I think I've probably always known, but I was living in denial - a state of subconscious denial for most of my life, with rare moments of clarity followed by a conscious effort to push away unwelcome thoughts and feelings.
But at 27, I finally (soberly) acknowledged that I
might be attracted to women. Of course, I still wasn't ready to say "gay." I wasn't even ready to say "bisexual." But I decided I could admit to maybe possibly kinda being bicurious. So, on New Years Day, I typed "bicurious" into my google search bar and found a support website for bisexual/bicurious women. Scared out of my mind, I created a new email account so that I could sign up for this site in secret. I wrote my first post in the welcome forum, titled "New and a Little Nervous" (though it should have said "New and Absolutely Shitting My Pants!!!")

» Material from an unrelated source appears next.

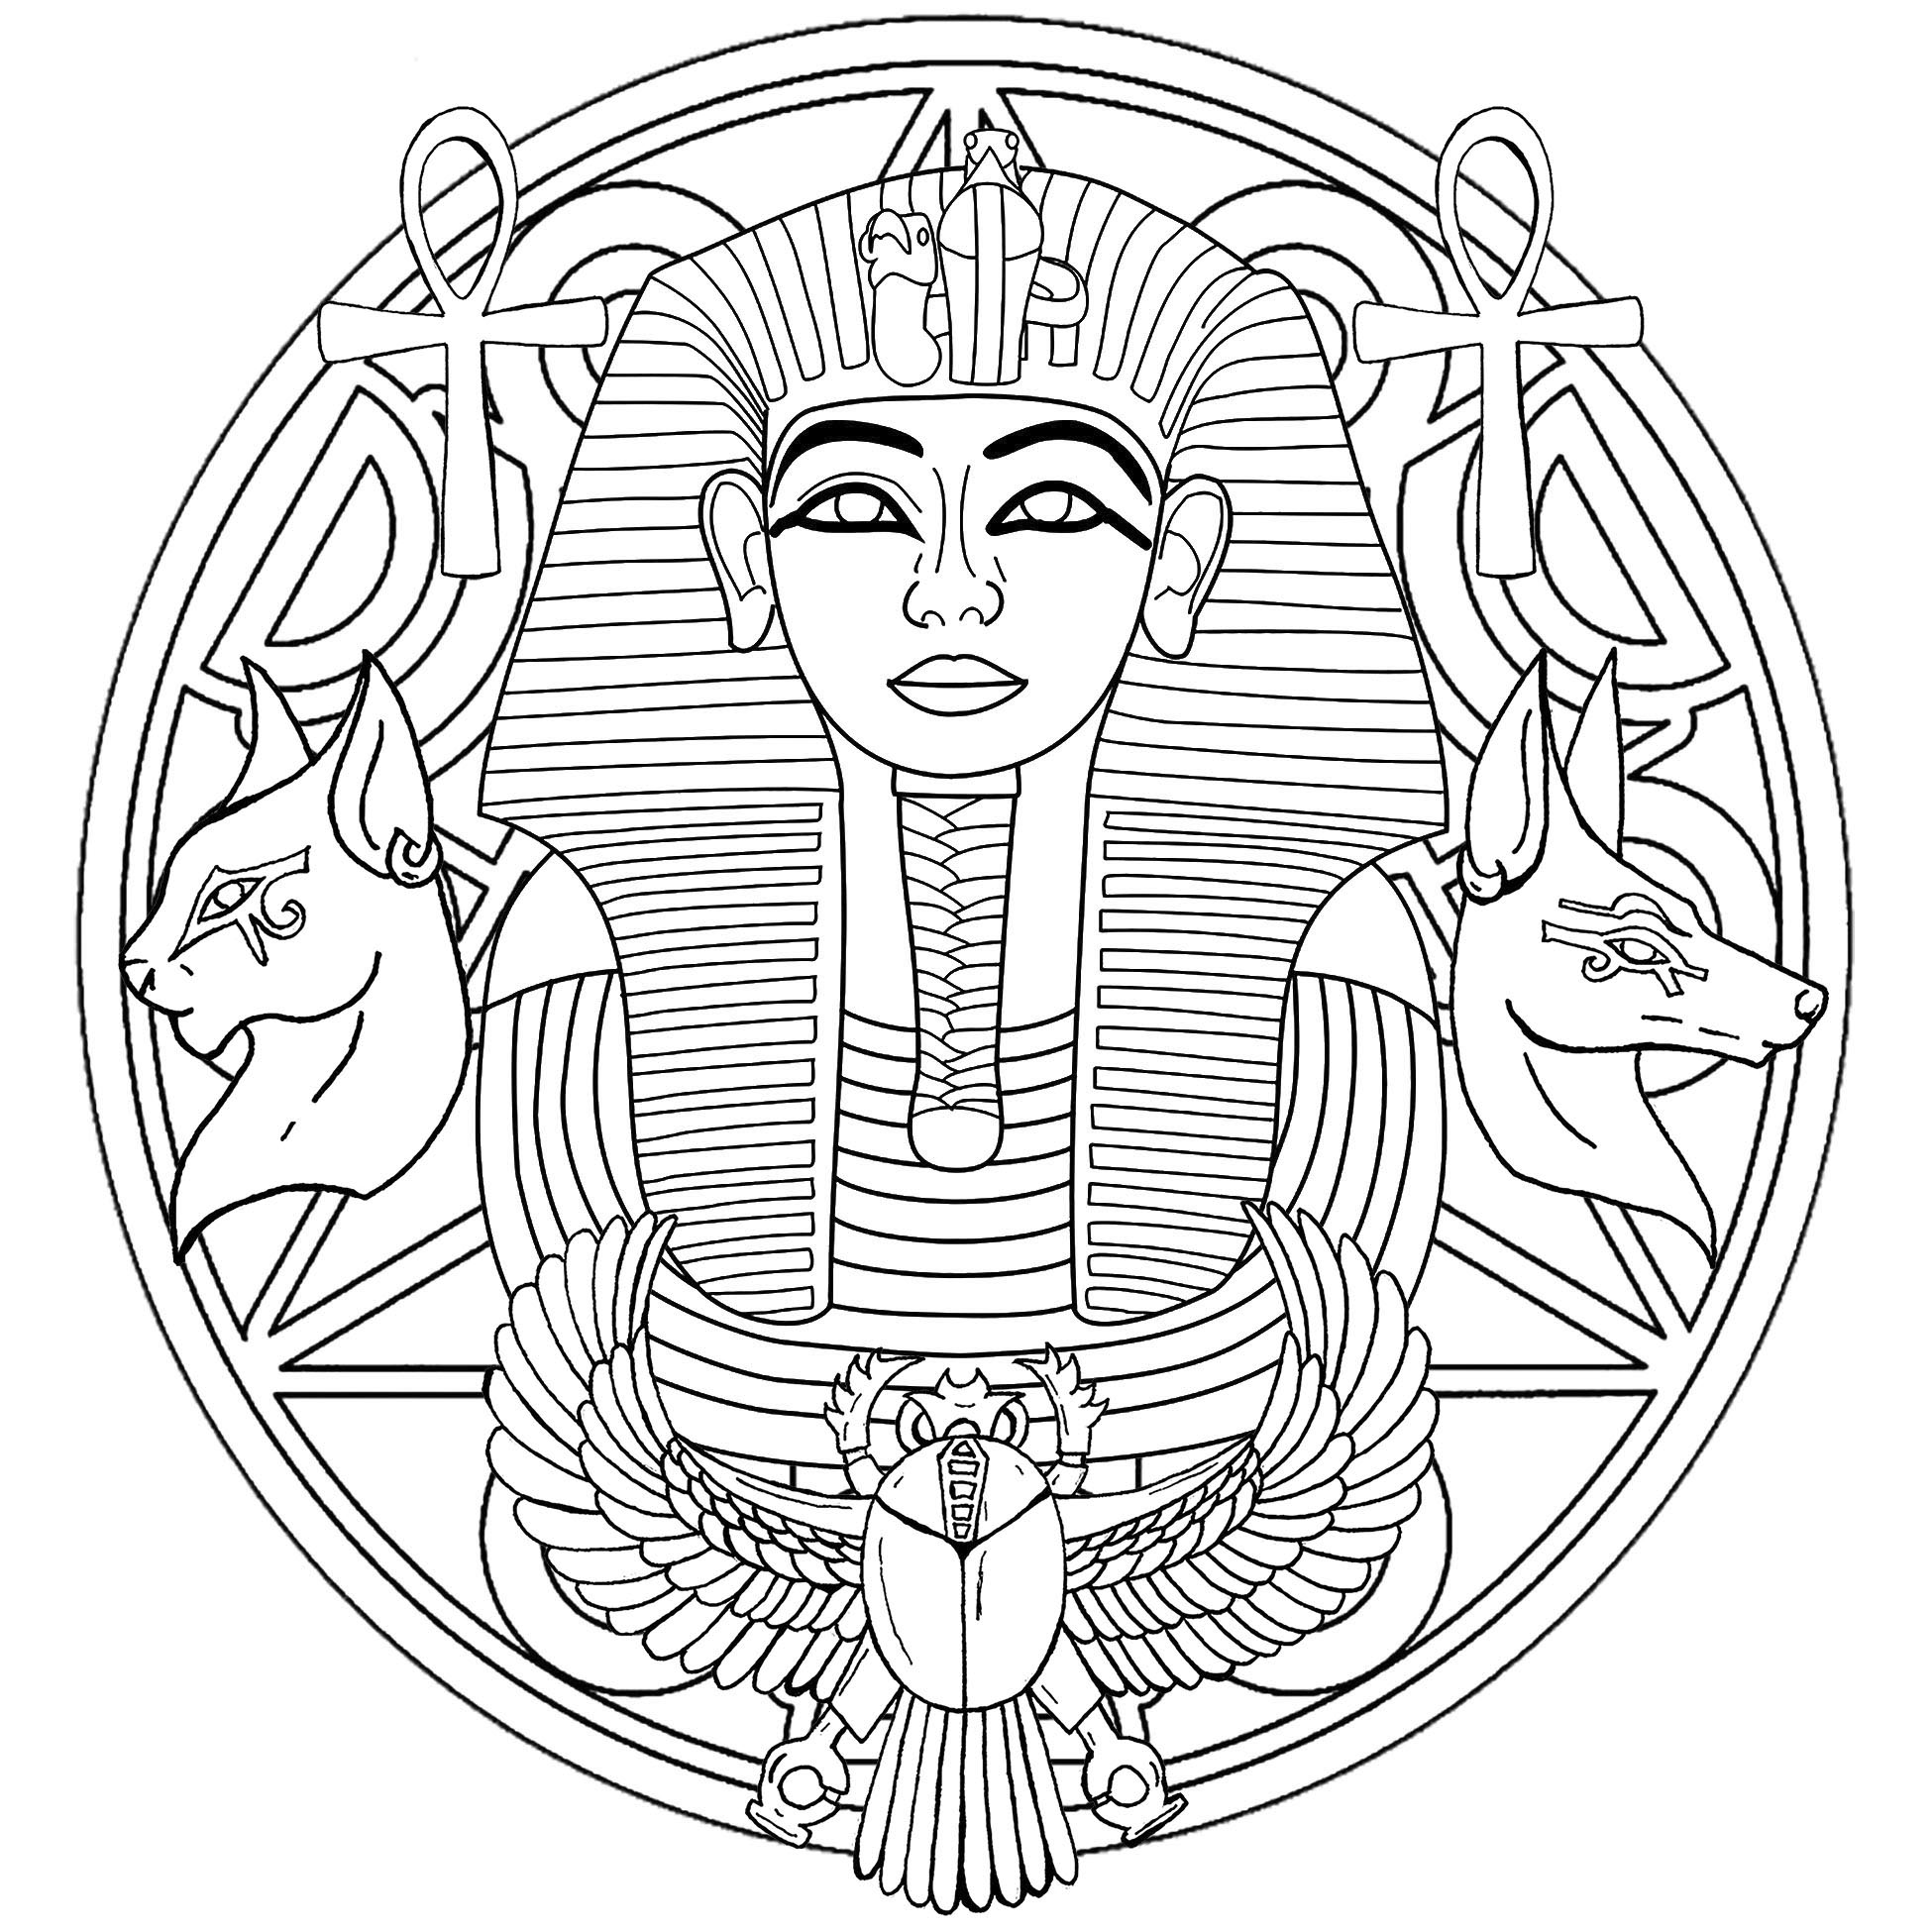 Tutanchamun ist der elfte Pharao der XVIIIᵉ Dynastie. Dies ist ein Mandala mit seiner berühmten Totenmaske in der Mitte. Version 2

That day changed my life - nothing will
ever be the same. In the 5 months and 28 days since I joined this site, affectionately known as "shy," my life has changed to no end. I don't think I could put it better than I already have, so here is my latest "about me" on shybi:
It has taken me 28 years to become comfortable with who I am. For years I pushed away thoughts of women, certain I couldn't be gay. For years I haven't felt like my true self, have dealt with depression and an unexplainable feeling of worthlessness. It took me 27 years to even admit to being "bicurious," and even then I did so under a cloak of shame. In the 5 months since joining shy, I've grown so much. I've gained so much self-confidence, accepted that I'm not bicurious, not bisexual, and actually EMBRACED myself as a lesbian, I've even come out to family and friends and all of Facebook. I've never felt more confident or comfortable about who I am. And of course, I fell head over heels in love with the beautiful Callie T. My world will never be the same, and for that I am eternally grateful.
This blog will chronicle my journey coming to terms with my sexuality and life after coming out. Welcome aboard!